So I left the traffic jams, the violence and despair of my local mall, the bypass threatening my rural valley. It was too expensive to fly – financial and climate change costs – and the Northern Explorer train wasn’t running, so we decided to drive.

We spent a night in the van, camped beside State Highway One when it got too late and we were too tired to drive. Huge trucks barreled past, inflicting their own violence on small villages along the route. The State Highway and its traffic creating monstrous disruption, noise, fumes, vibrations and a hostile barrier severing communities but providing few direct benefits for those bisected and imposed upon. Motuapa, Hunterville, Levin, try crossing the road on foot in those places and you risk your life.

The small town of Bulls makes as many puns from its name as is possi-bull. Hunterville celebrates the role of the Huntaway dog – the farmer’s indispensable friend, known for his rangey form, his loud bark and his knowledge of the farmer’s will, in retrieving sheep from rugged hills. All human settlement should acknowledge the contribution of animals to our economies and society, but few do.

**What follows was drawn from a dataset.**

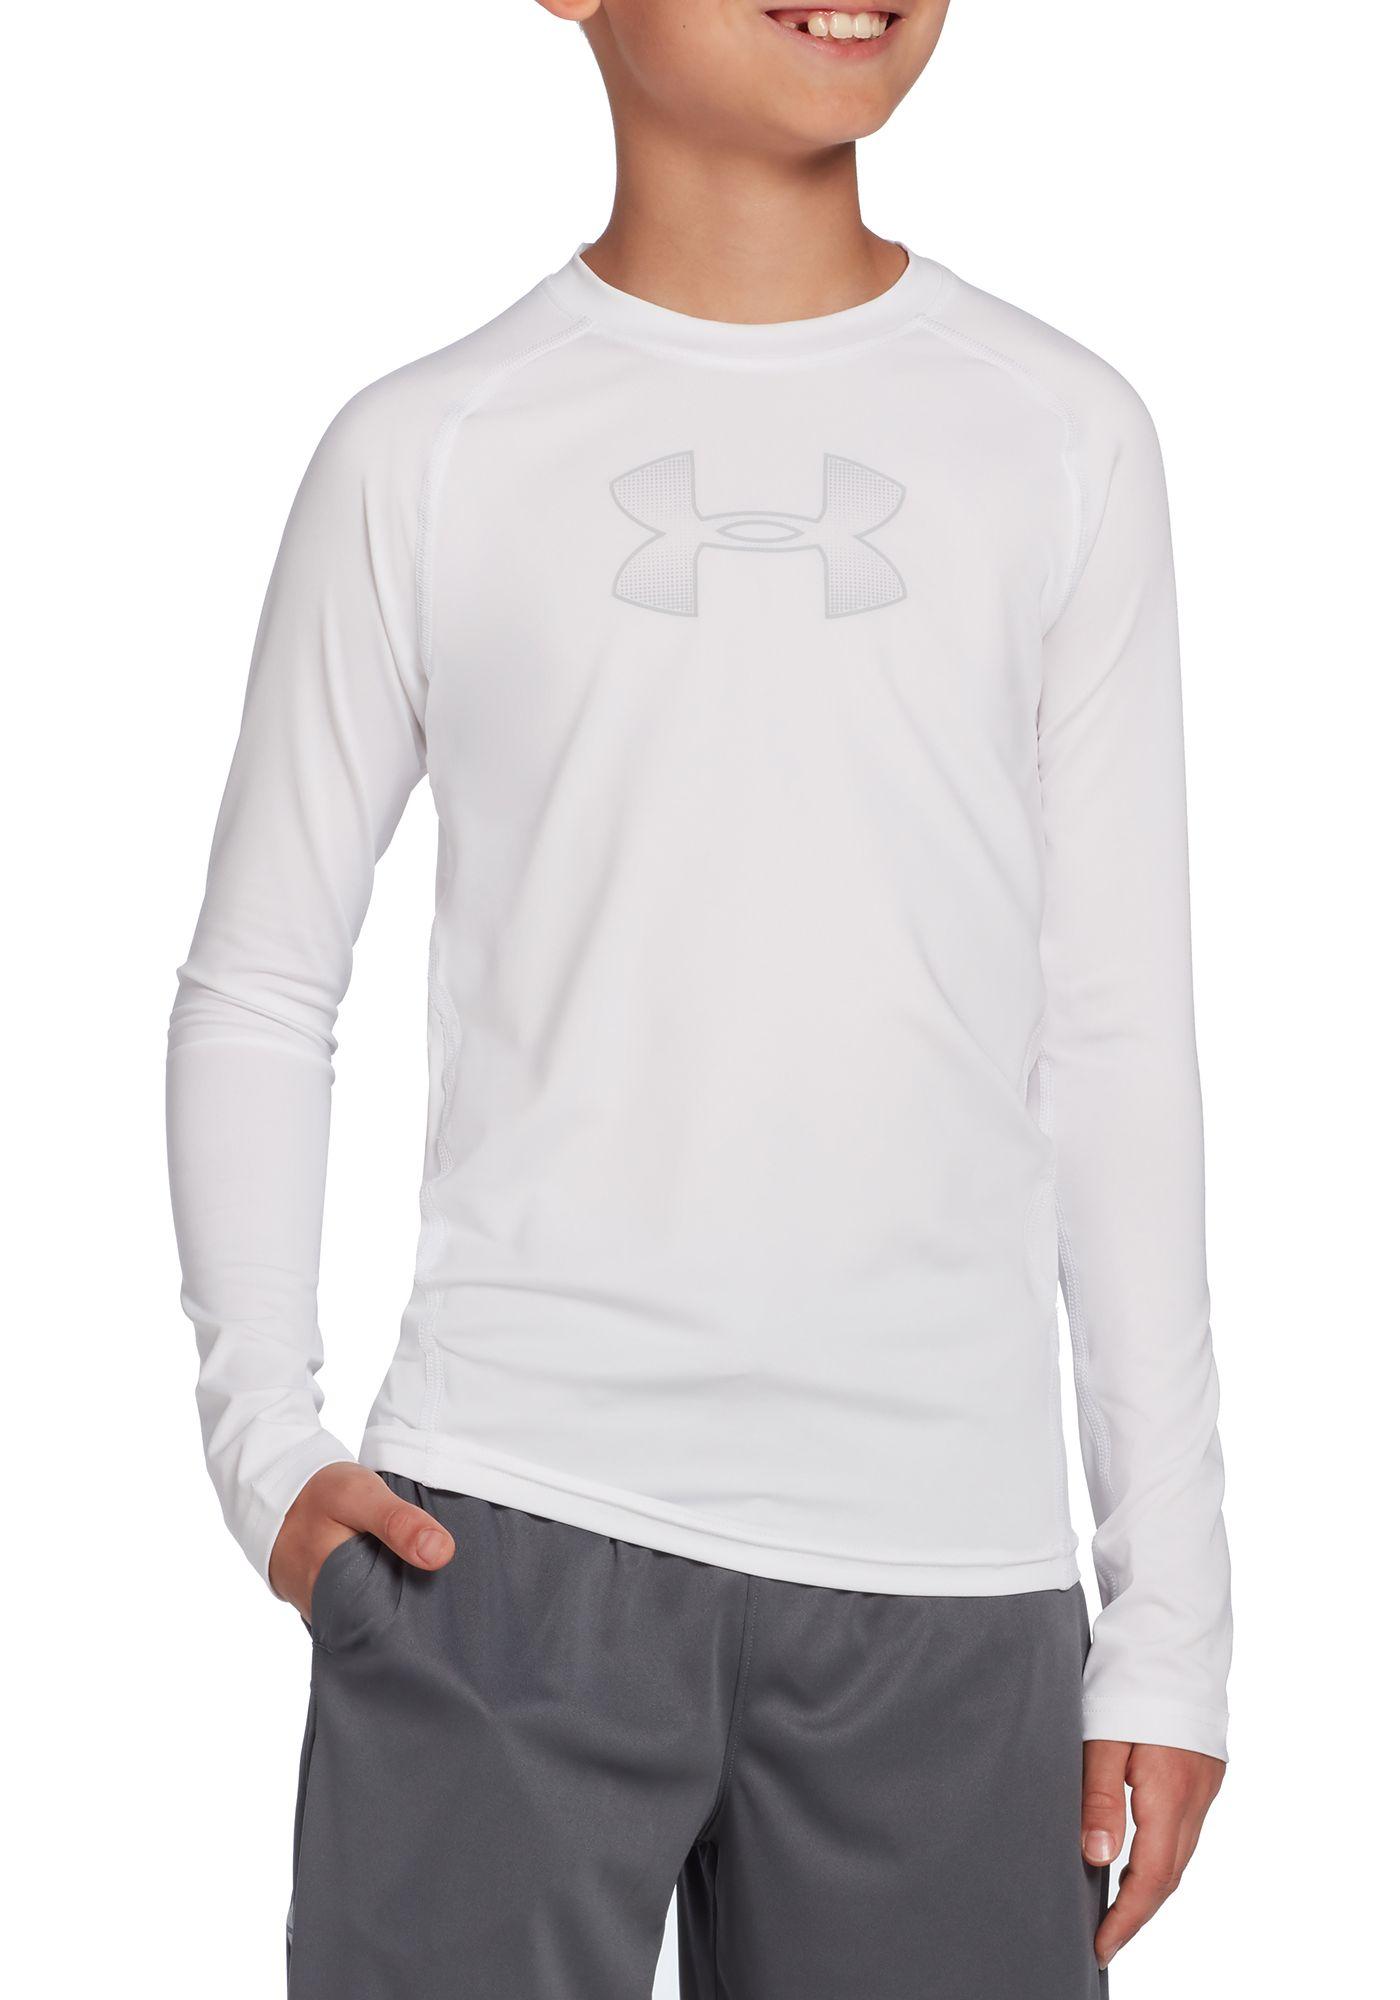 Under Armour Boys' Armour Long Sleeve Shirt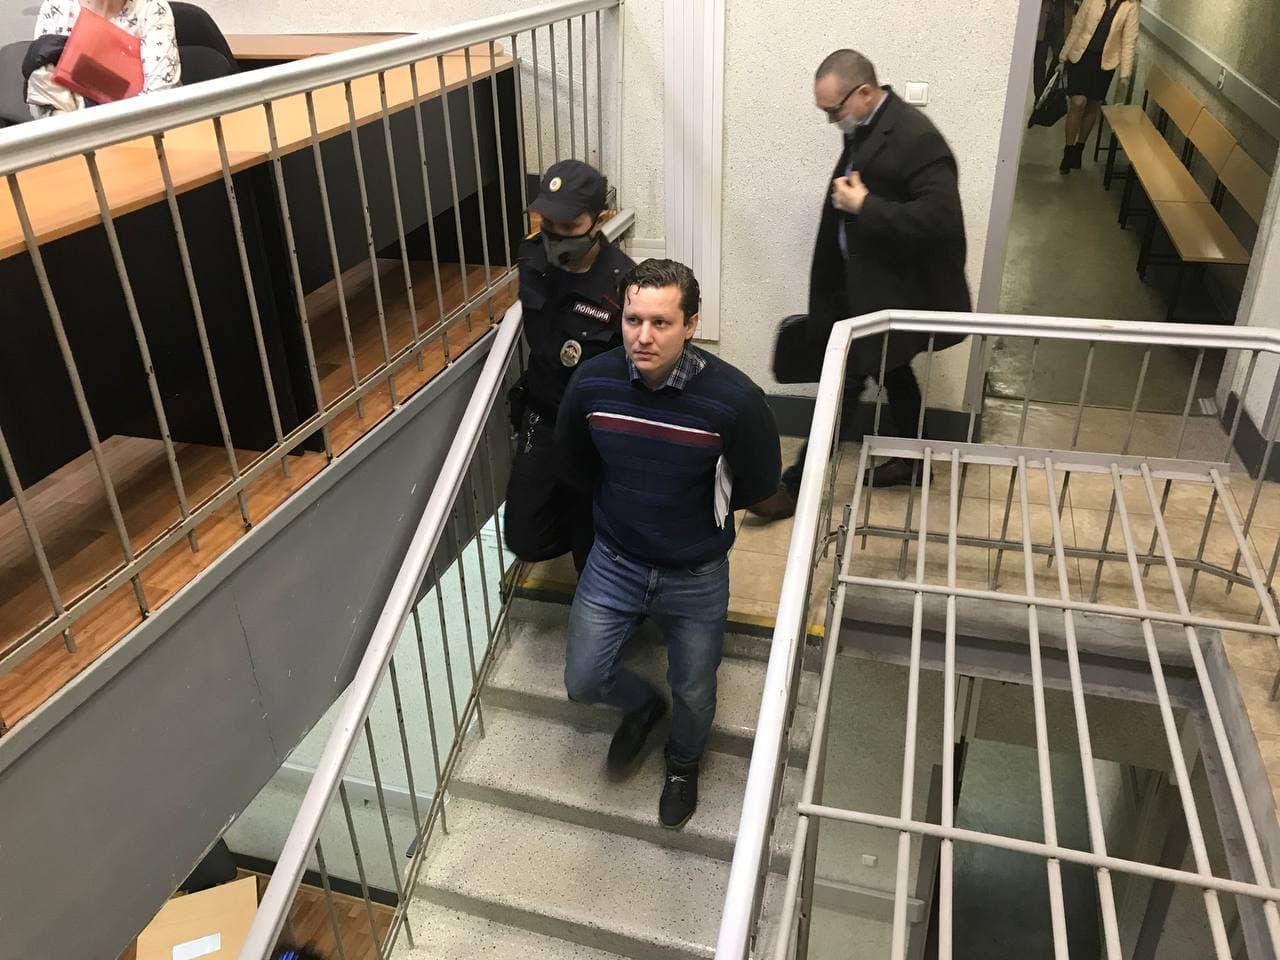 Суд в Петербурге отложил заседание по делу участника акции 23 января о нападении на сотрудников ГИБДД

The ferry was quiet, women like me knitted. A Māori man in his gumboots traveled with his partner and small children – it was so cheering to hear them all night “I love you dad”, “Dad, you’re my best friend”, defying stereotypes of manual workers and their engagement with their kids. In the hold, cows and sheep crammed into stock trucks bellowed and called, confused and frightened by the strangeness that is sea passage for any hoofed animal. Animal welfare guidelines suggest the distances stock should be carried must be minimised, but across the Strait these unwitting animals will go.

On the wharf, while we waited for the delayed ferry’s departure, I had a ring side seat overlooking the emptying of a trawler of its catch. The trawler’s hold was like a pit into hell. A streamlined system involving a double trailer truck, a crane, and many men in overalls, high-vis and gumboots, lifting sixteen crates of fish at a time, again and again, onto the wharf and then into the truck. It got dark as countless fish were emptied from the trawler, as men elsewhere in the operation untangled the massive net.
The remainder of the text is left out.